How perfectly this system works you may note in Jane Austen’s novels. There are eight heroines, and eight fortunes to be married. One of the heroines takes the risk of marrying a clergyman who has no money except his “living.” Two others marry clergymen who, in addition to their “livings,” have good financial prospects. The other five marry non-clerical gentlemen of wealth. Mostly these fortunes come from land; everywhere over the Jane Austen novel there hovers a magic presence known as the “entailed estate.” In only one case is there any hint of vulgar origin for the fortune, in a recent connection with “trade.” Of all the fortunes, only one has actually been gained by the man who possesses it and bestows it upon the heroine; and this man has gained it in a most respectable Christian way—that is to say, not by “trade,” but by killing and robbery. He has been a naval captain, and brings home his share of the prizes taken.
The great crimes and horrors of the world lie outside the hedge-rows surrounding the Jane Austen rectory. We can hear the guns and smell the powder smoke, but the deadly missiles never pass the magic barrier. Two of Jane’s brothers are naval officers, and they come and go in imposing uniforms; the Napoleonic wars are on, and they are guarding the channel, and in later life become admirals. An intimate friend of the family is Warren Hastings, who conquered India for the British; when he was placed on trial for wholesale graft, he explained by saying that when he considered his opportunities, he marveled, not that he had taken so much, but that he had not taken more. Nothing of anything like this enters into the novels.
What does enter are the quiverings of Sensibility, the ups and downs of the “tender emotions.” When we were children we used to take a daisy and pull off the petals, and with petal number one we would say: “He loves me,” and with petal number two: “He loves me not,” and so on. With petal number one our heart goes up, and with petal number two it goes down. There is another question, equally thrilling: “Do I love him, or do I not?” Many things get in the way; Pride and Prejudice, for example. It is hard to know our own minds; and sometimes when we hesitate too long, it is necessary for the older members of our family to apply Persuasion. (I am making puns on the titles of the novels.)
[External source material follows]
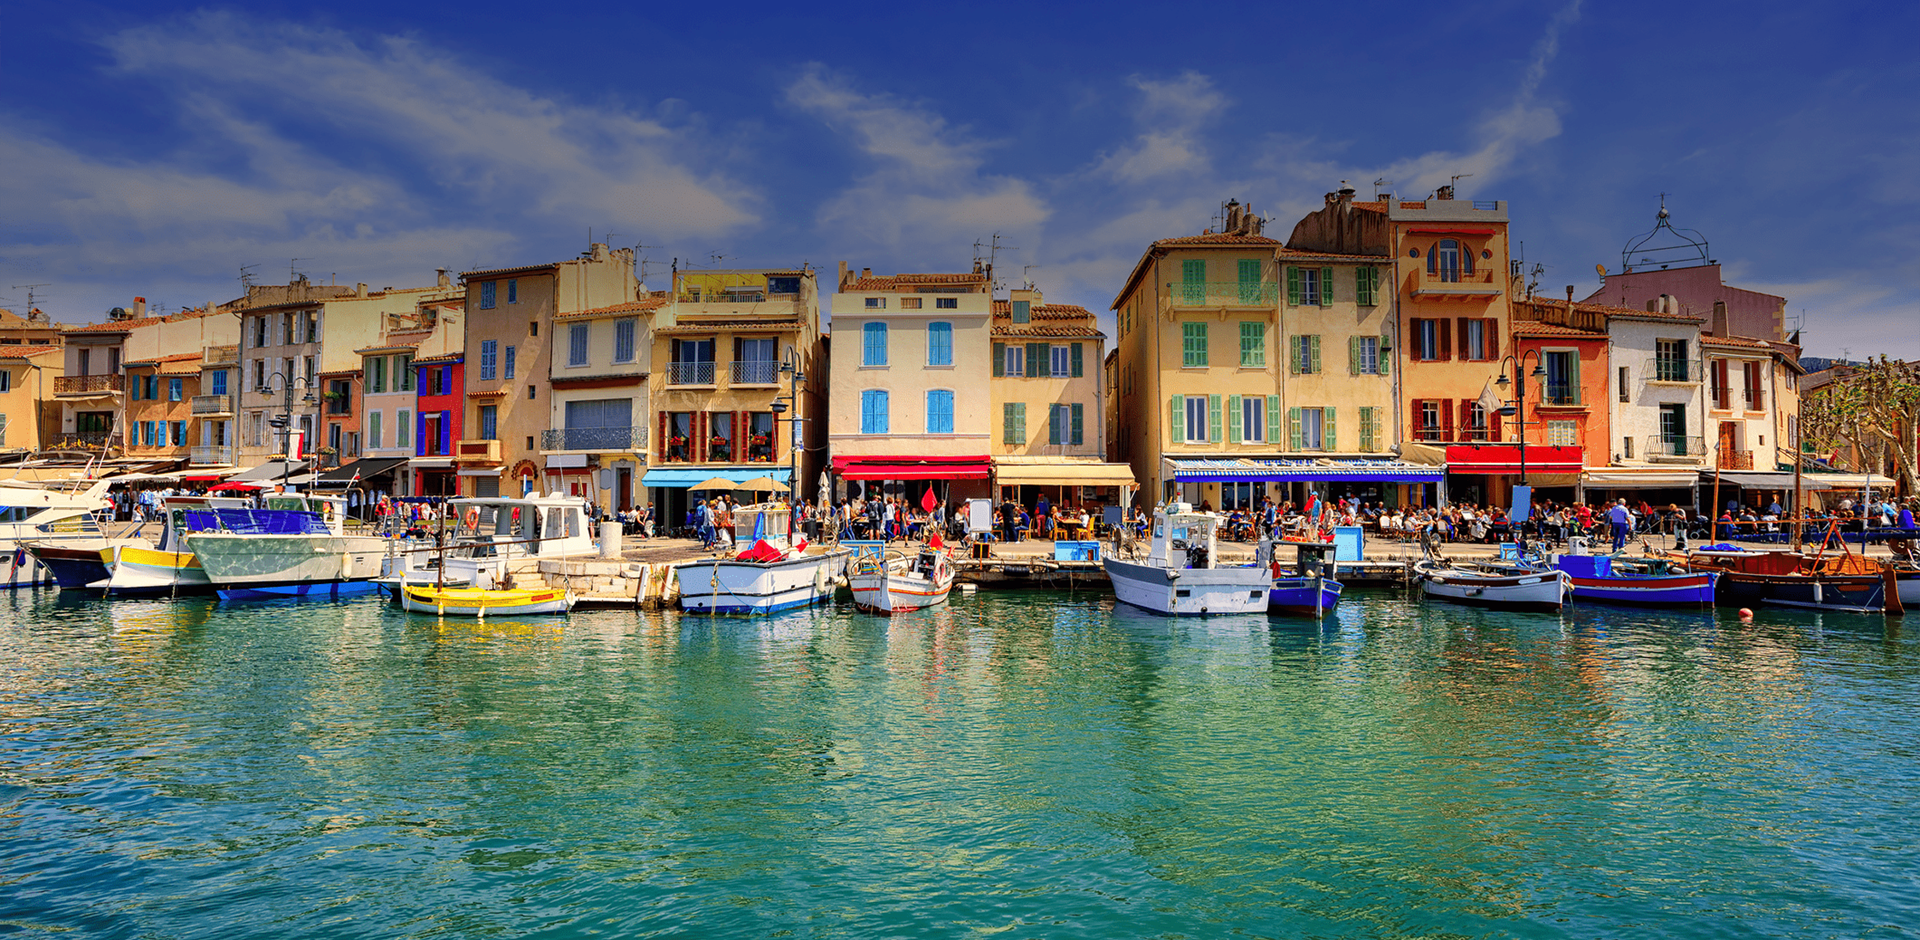 View from the water on Cassis old town port promenade with colourful small houses and boats, Provence, France

I would not be understood to disparage this little English old maid. She did not make her world, in which the father of the family preaches in the name of the Prince of Peace, and the sons go out to kill and loot. She is a most charming and witty old maid, and her queer people are alive in every throb of their quivering hearts. She was a sly little body, and we suspect her of knowing more than she tells. There was a terrible scandal whispered concerning her, which she vehemently denied; we hate to pass it on, but this is a book of plain speaking and we have to do our duty—so let it be recorded that some of the neighbors suspected Jane Austen of watching them at tea-parties and church fairs, with the intention of putting their peculiarities into her books!